Стих Маяковского

Стих Маяковского

Работа тогдашних теоретиков, связанных с Маяковским, была неполна. Маяковский ею очень дорожил, он вместе со мной добивался у Анатолия Васильевича Луначарского возможности для нас издавать книги, но мы тогда издали не много. Говорили мы интереснее.

Мои основные работы были посвящены сюжету и не имеют прямого отношения к стиху. Работы Брика по ритмике так и не были докончены. Их и недоконченными надо издать.

Мне сейчас легче написать о рифме. Начнем с того, как относились к рифме символисты.

Звукам хотели тоже привязать точную символичность, прямую значимость.

Русский язык имеет то свойство, что в нем слабо осуществляются безударные слоги. «В произношении Блока, – говорит Андрей Белый, – окончания «ый» и просто «ы» прозвучали бы равно одинаково; а созвучия «обманом – туманные» – сошли бы за рифму».[44]

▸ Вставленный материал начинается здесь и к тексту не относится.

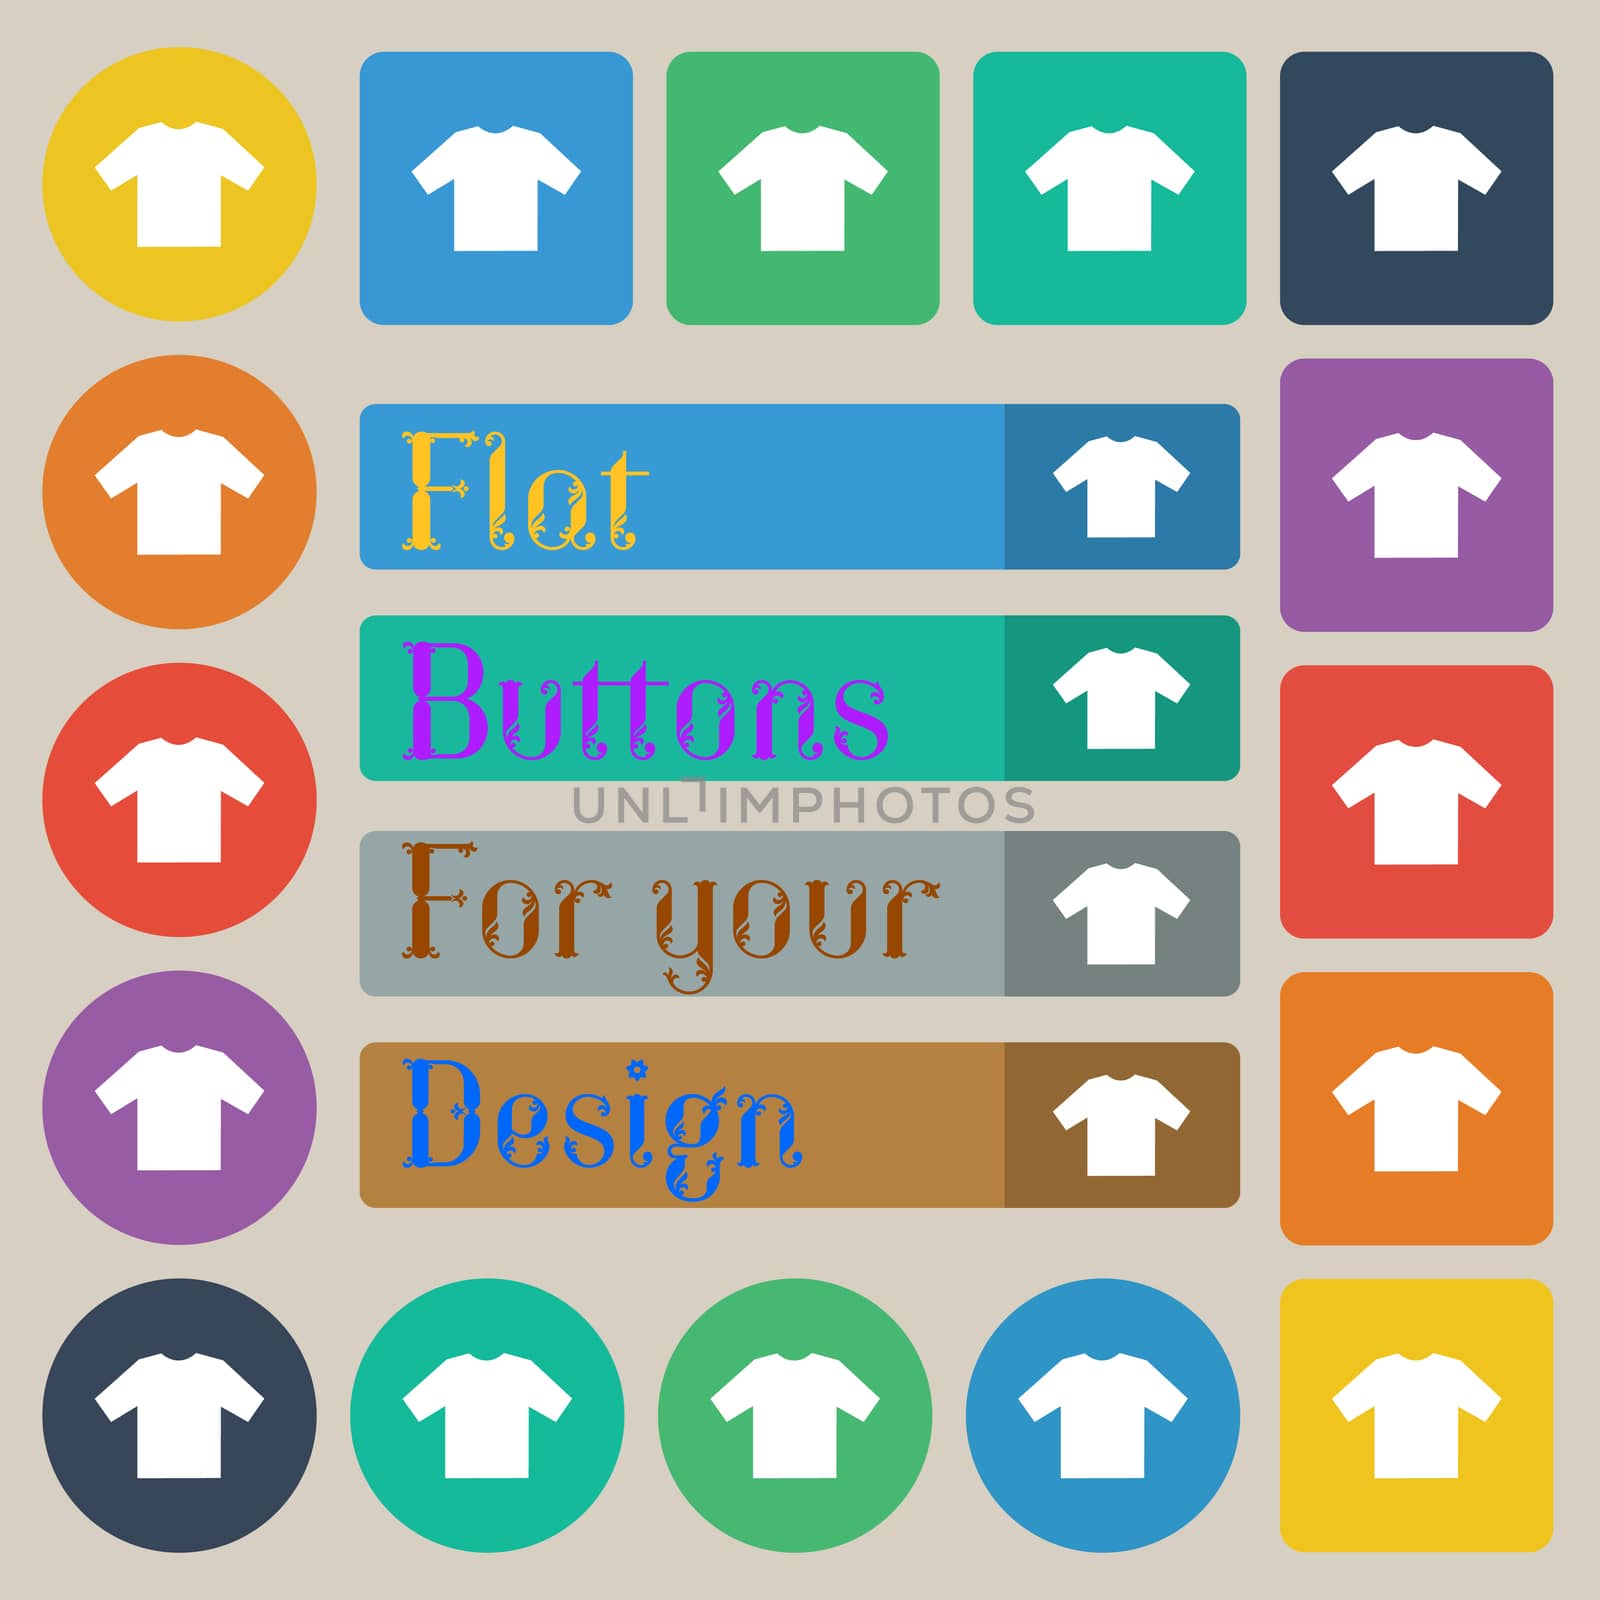 t-shirt icon sign. Set of twenty colored flat, round, square and rectangular buttons. illustration
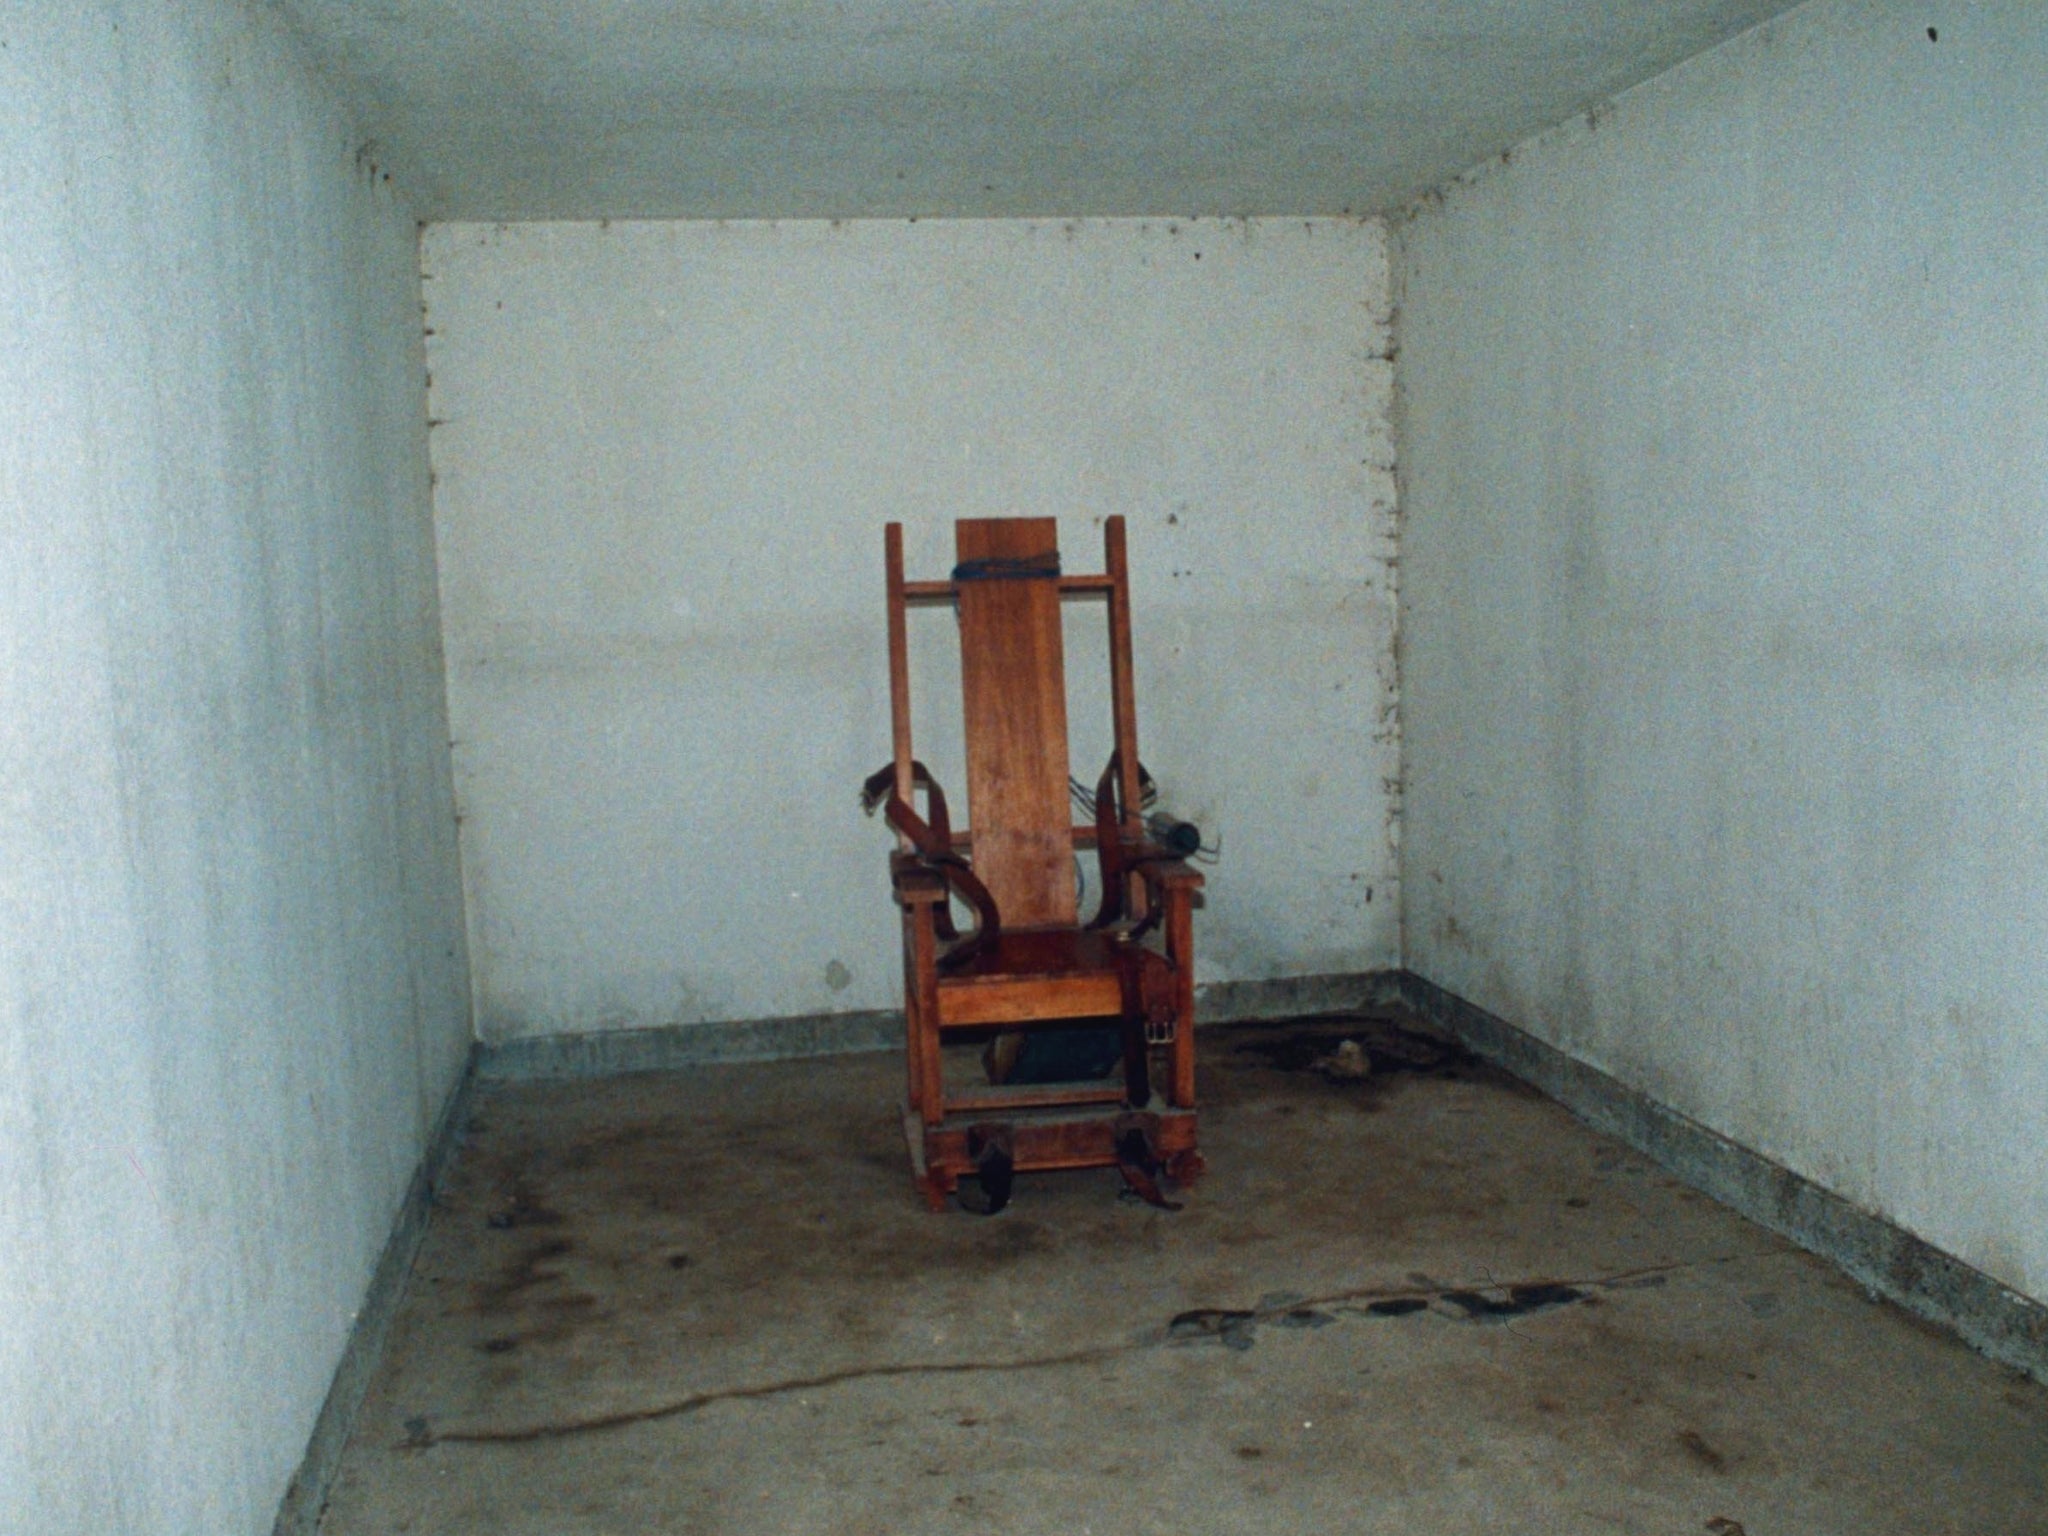 Missouri is one of four states with the gas chamber as an alternative for executions.

Тургенев называл рифмы Алексея Толстого «хромыми».

Толстой в письме возражал:

«Гласные, которые оканчивают рифму, – когда на них нет ударения, – по-моему, совершенно безразличны, никакого значения не имеют. Одни согласные считаются и составляют рифму. Безмолвно и волны рифмуют, по-моему, гораздо лучше, чем шалость и младость, чем грузно и дружно – где гласные совершенно соблюдены» (письмо 1859 года).[45]

Тургенев видит рифмы. Алексей Толстой слышит их, более глубоко чувствуя русский стих.

Уже Ломоносов рифмовал «кичливый» и «правдивый», а Сумароков горько его упрекал в большой статье своей «О стопосложении».

Силлабо-тонический стих знал слоги ударные и неударные, но слога редуцированного, неосуществленного он не знал.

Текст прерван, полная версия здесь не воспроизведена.